(What this task involves): Copy verbatim the span of lines beginning at the line that contains "Bristol, UK. 26th" and ending with the final line of the data. Exclude pictures from the copy.

(Information supplied):
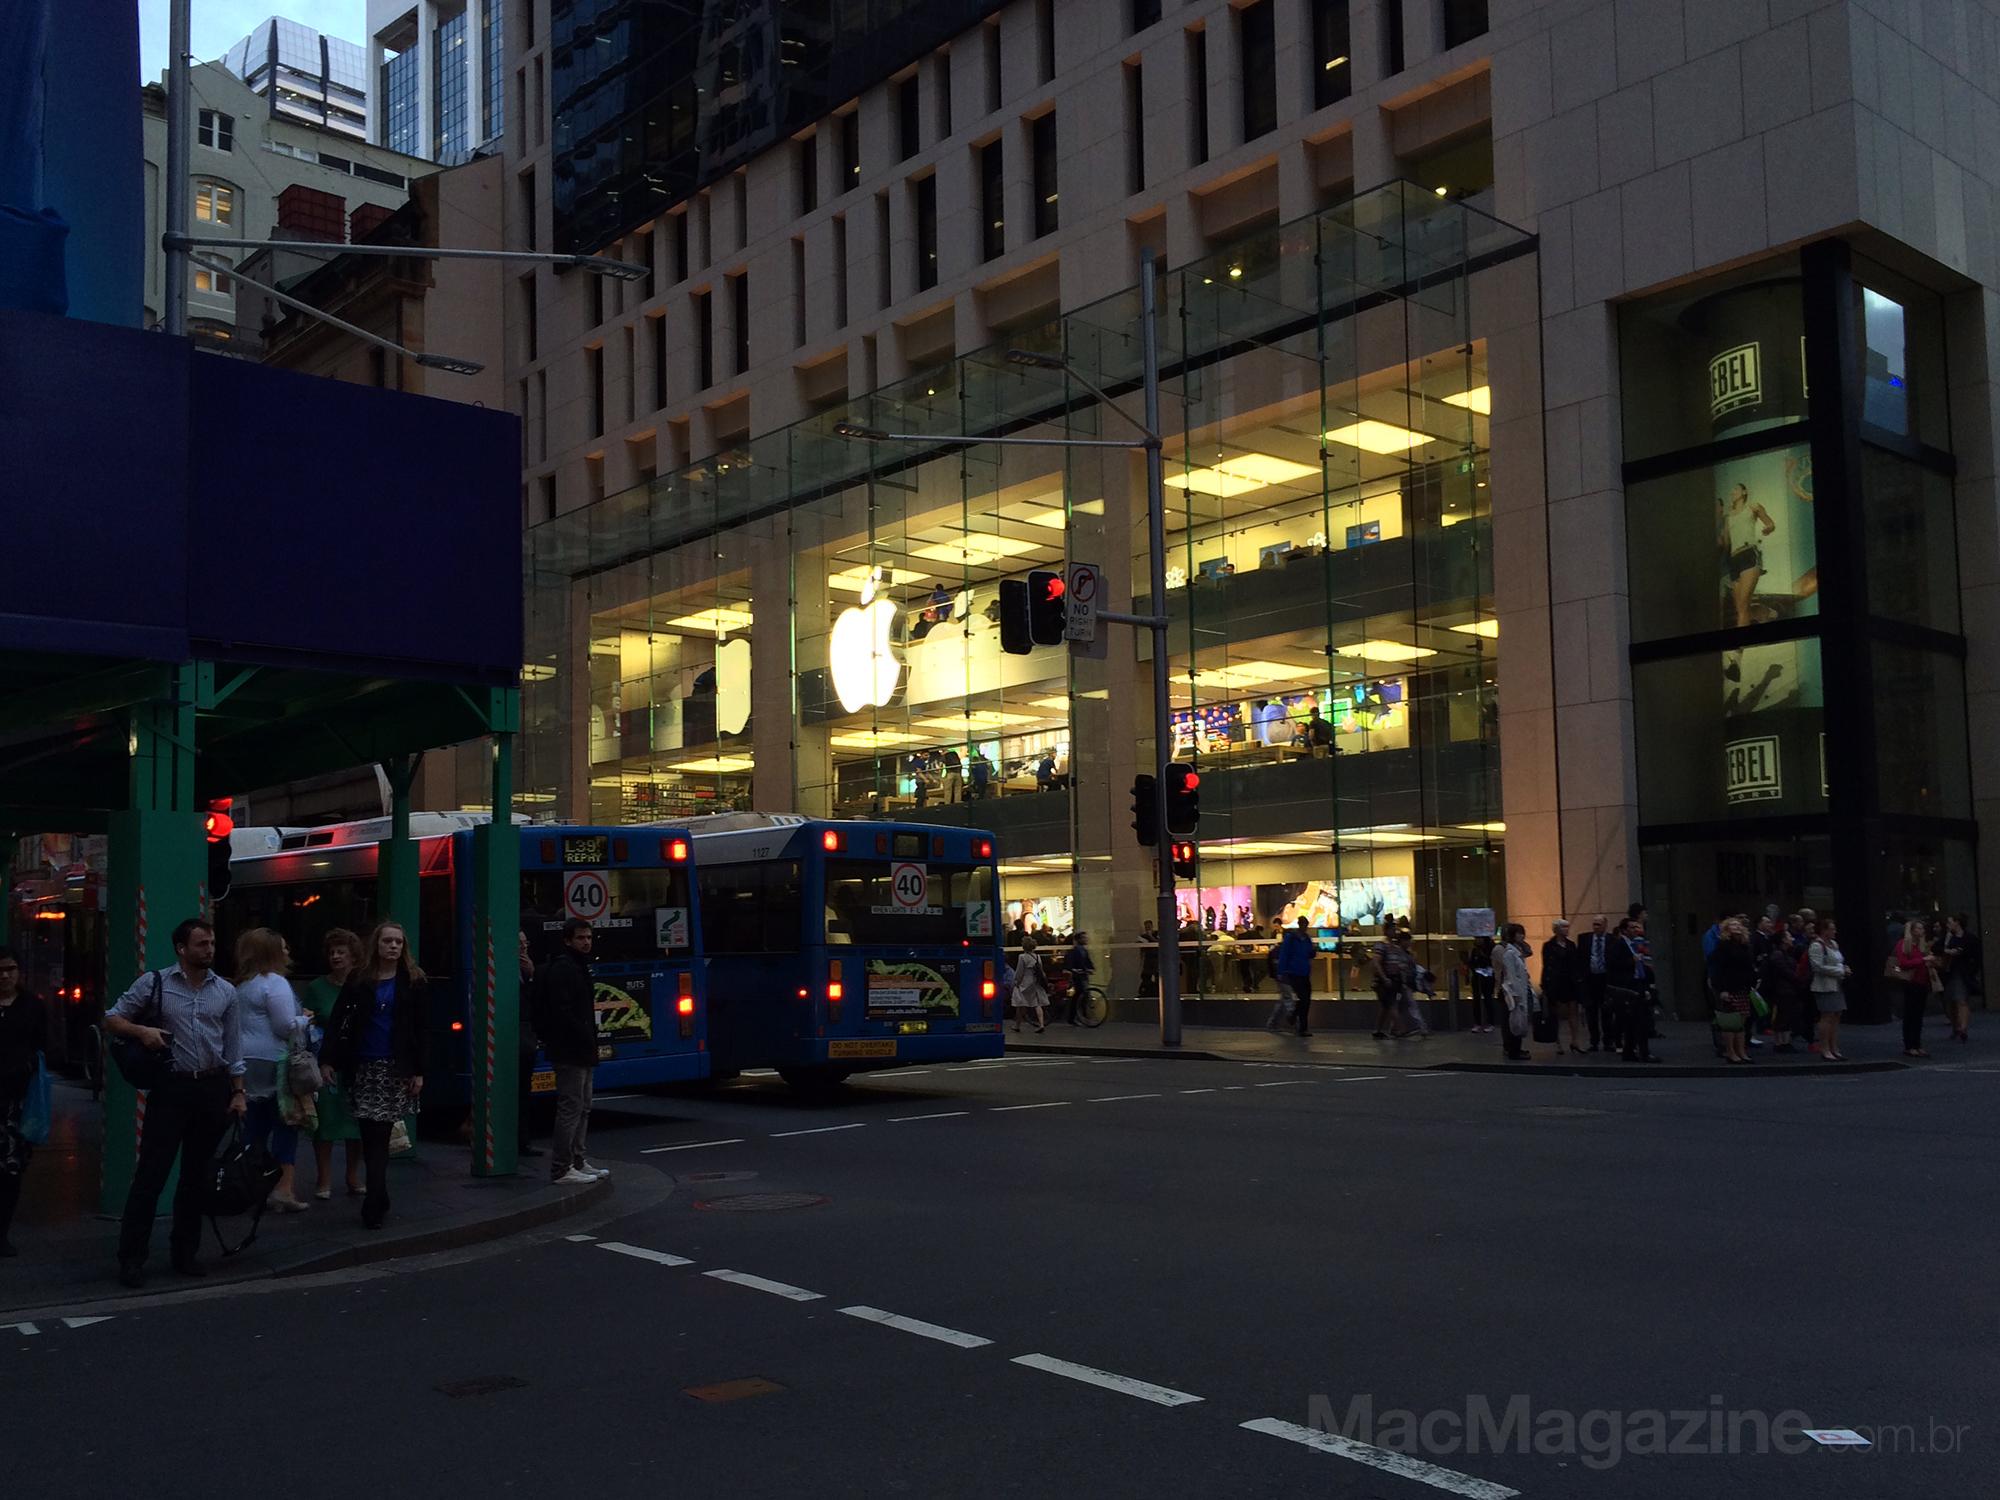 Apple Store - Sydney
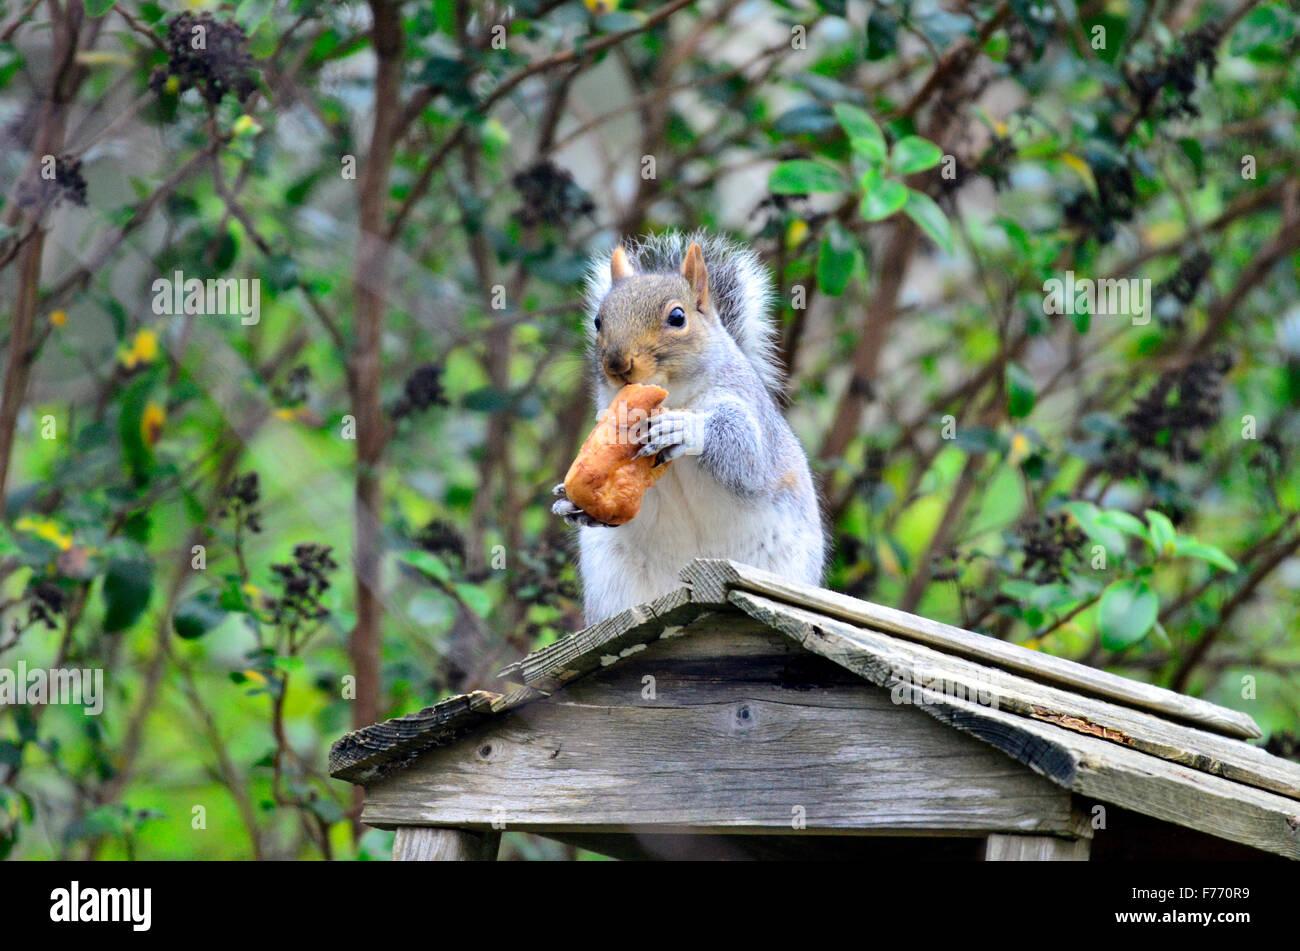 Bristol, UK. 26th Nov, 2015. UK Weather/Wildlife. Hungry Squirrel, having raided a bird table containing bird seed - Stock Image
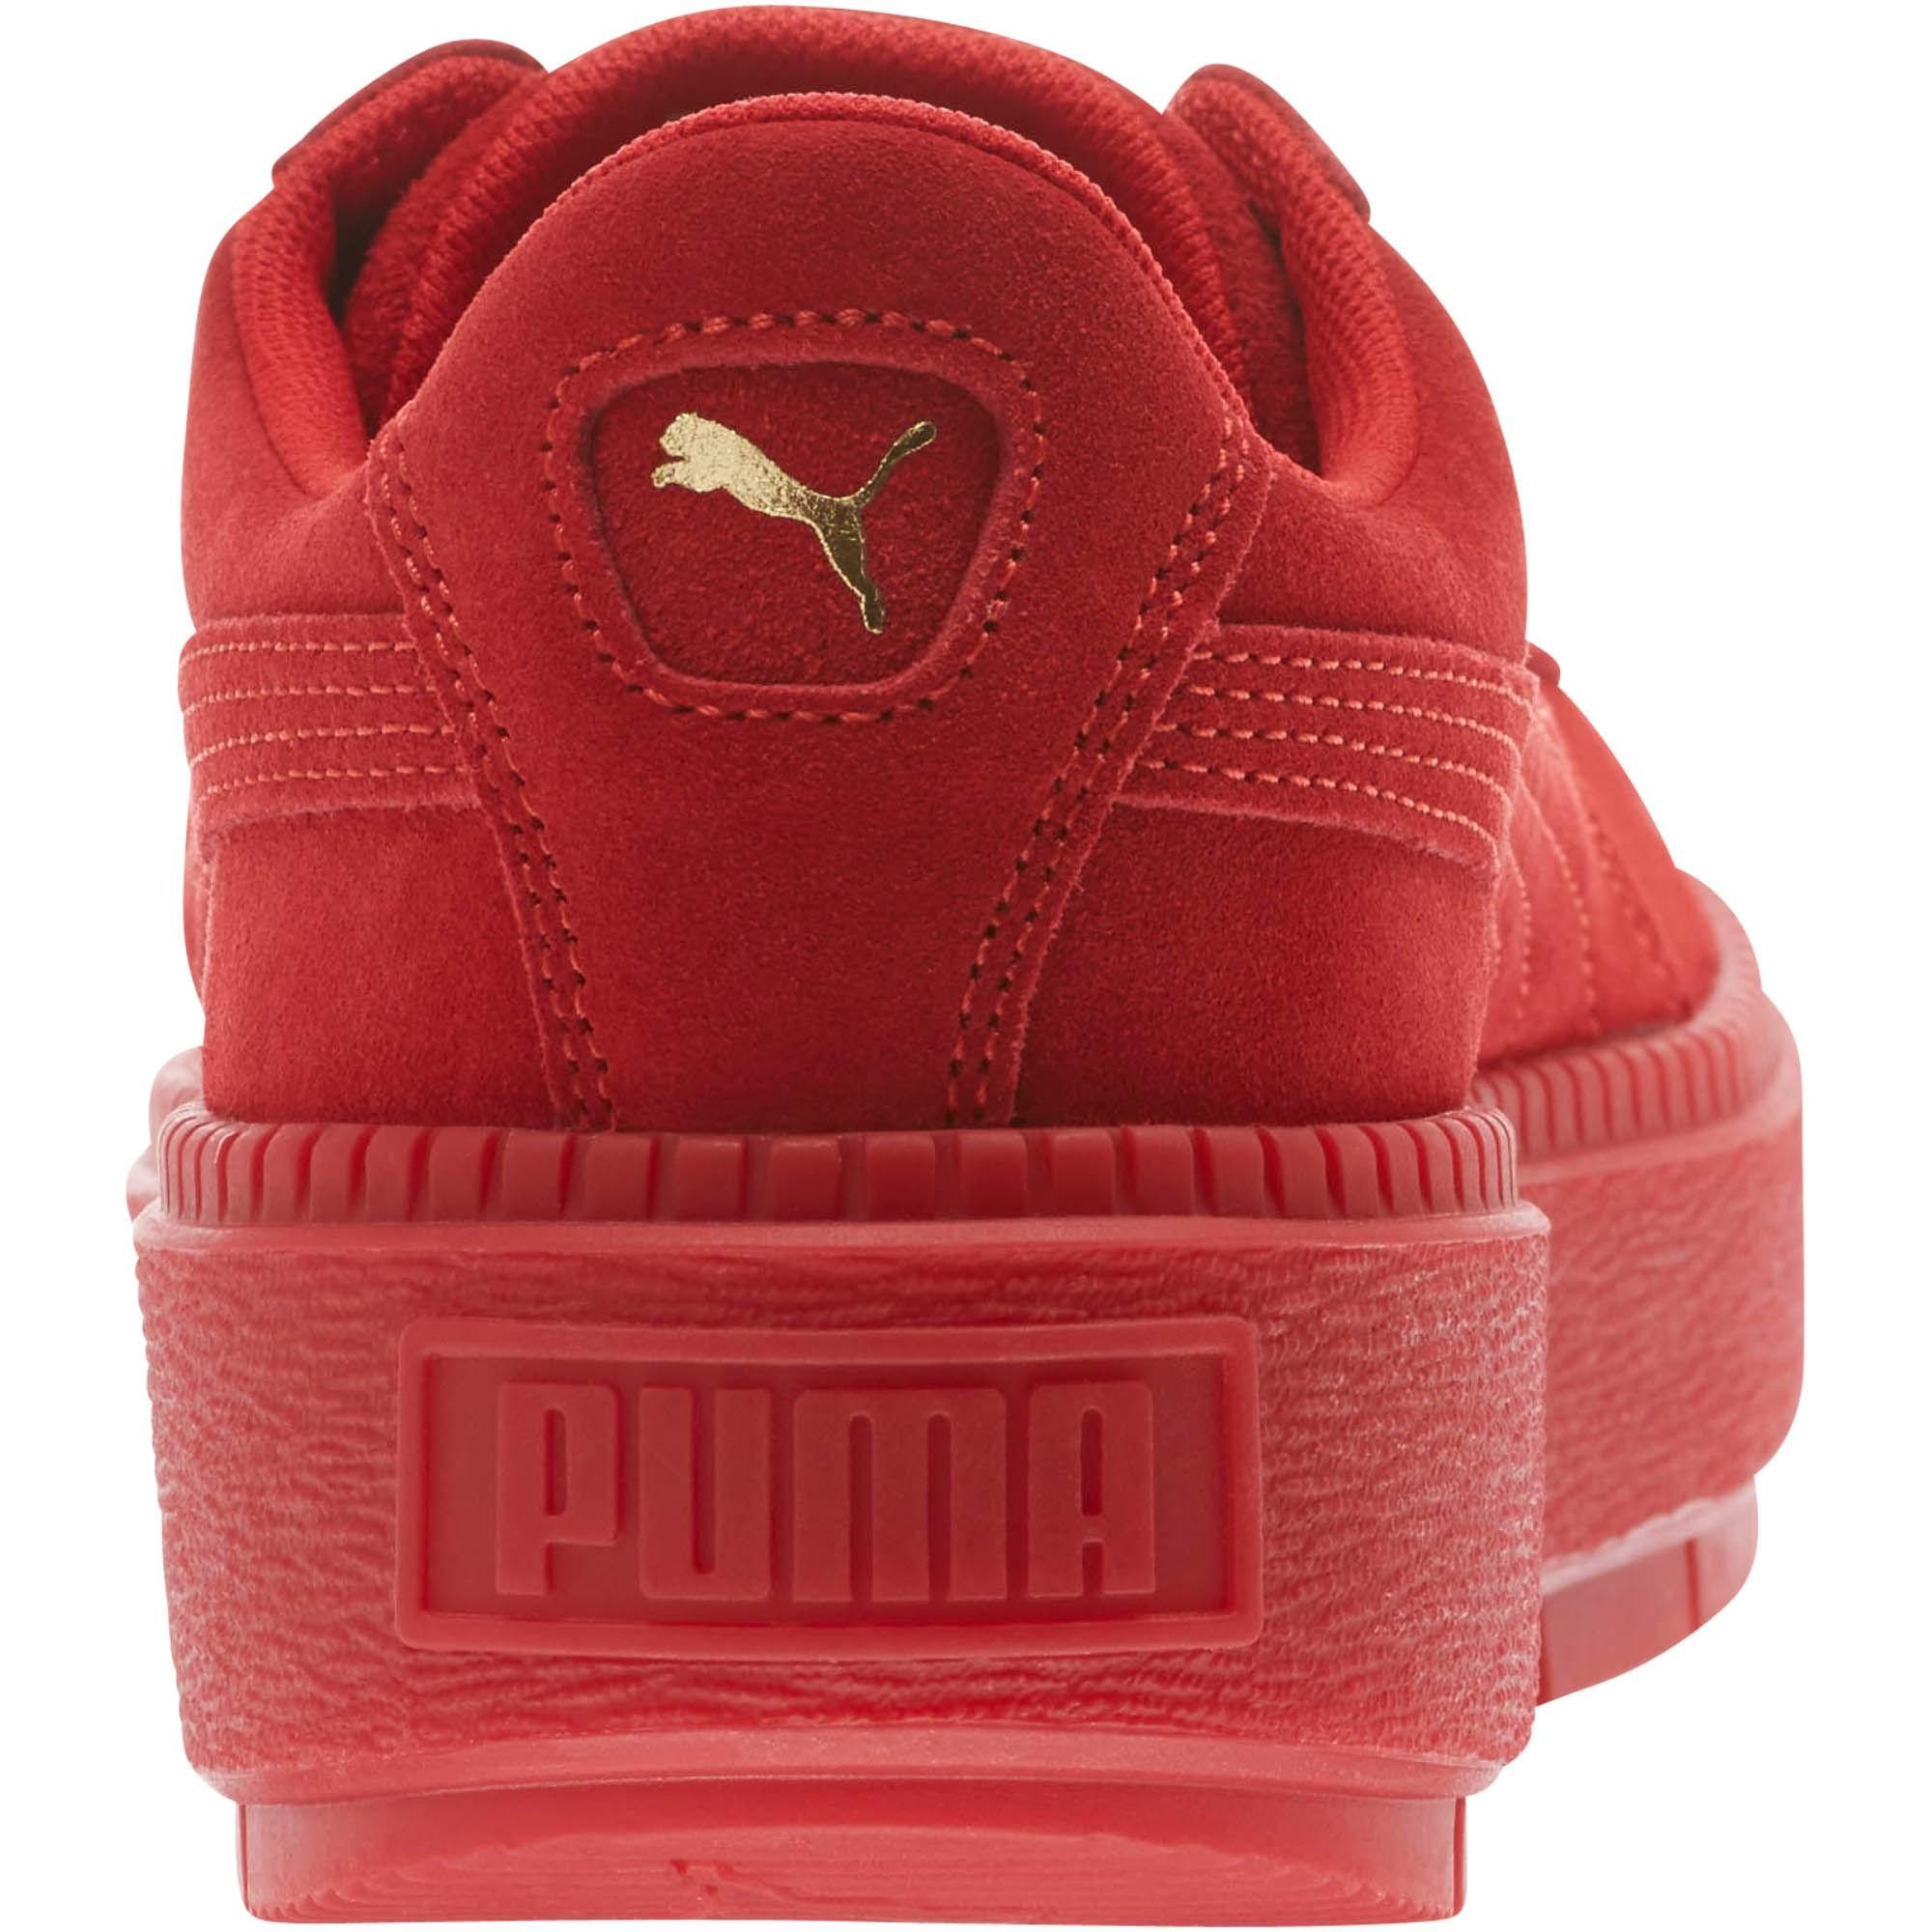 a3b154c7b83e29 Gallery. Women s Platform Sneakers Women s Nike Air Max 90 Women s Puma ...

(Answer for the task):
 Bristol, UK. 26th Nov, 2015. UK Weather/Wildlife. Hungry Squirrel, having raided a bird table containing bird seed - Stock Image
 a3b154c7b83e29 Gallery. Women s Platform Sneakers Women s Nike Air Max 90 Women s Puma ...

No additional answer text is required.